Do you want me to show you what I have so far?

3. asnaseer

surely p! (in the numerator) is ALWAYS divisible by p?

4. anonymous

Proof:$\frac{p!}{k!(p-k)!}=\frac{1\cdot2\cdot...\cdot(p-1)\cdot p}{1\cdot2\cdot...\cdot k\cdot[1\cdot2\cdot...\cdot(p-k-1)\cdot(p-k)]}.$However, since $$0<k<p$$ and $$p$$ is a prime number, notice that the $$p$$ in the numerator will never be cancelled out by any of the terms in the denominator. Therefore, p divides the above expression. $$\blacksquare$$

5. asnaseer

yes - that is what I was trying to say in the earlier statement.

6. anonymous

But my mentor is asking me to use Euclid's lemma. :/

7. asnaseer

ok - let me think about it...

8. asnaseer

ok, maybe something like this: if p is prime, then none of the integers in k! or (p-k)! can be factors of p therefore all the integers in k! and (p-k)! must be relatively prime to p hmmm - I can't see quite how to use Euclids Lemma here. The lemma itself states that: For two integers a and b, suppose d|ab. Then if d is relatively prime to a, then d divides b.

9. asnaseer

ah - hang on, maybe this will work:$\frac{p!}{k!(p-k)!}=p\times\frac{(p-1)!}{k!(p-k)!}$now we know that k!(p-k)! is relatively prime to p, therefore k!(p-k)! divides (p-1)!

10. anonymous

Oh! I didn't think of separating the fraction like that.

11. asnaseer

yes I think that works with one change in the statement: now we know that all the integers in k!(p-k)! are relatively prime to p, therefore some of the integers in k!(p-k)! must divide (p-1)!

12. anonymous

I can't thank you enough for your help, but I'm a little confused: doesn't Euclid's lemma first assume that d|ab?

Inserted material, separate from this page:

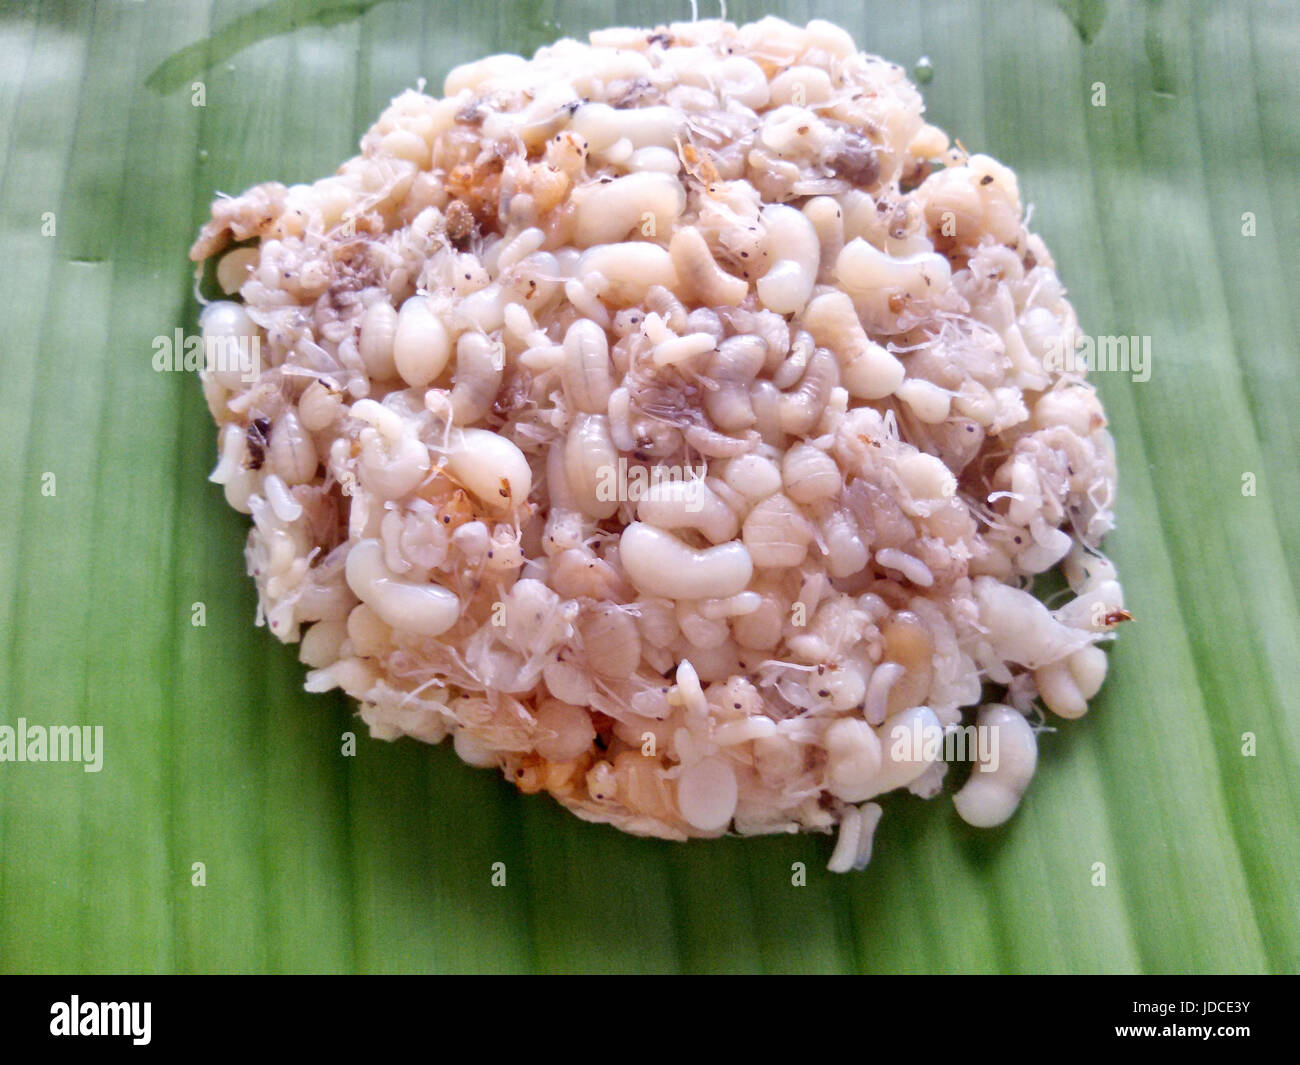 Oeufs de fourmis sur feuille de bananier. Bizarre food concept cuisine traditionnelle cuisine locale de la Thaïlande et du Laos.(la nourriture locale) Banque D'Images

That's what we're trying to show. :/

13. asnaseer

hmmm.. - good point - needs more thought...

14. anonymous

I don't know. I mean, maybe my professor skimmed through this problem because wouldn't simply showing that$\frac{p!}{k!(p-k)!}=p\cdot\frac{(p-1)!}{k!(p-k)!}$immediately imply that the whole thing is divisible by $$p$$?

15. asnaseer

yes - you are right. maybe there is something he forgot to state about the problem.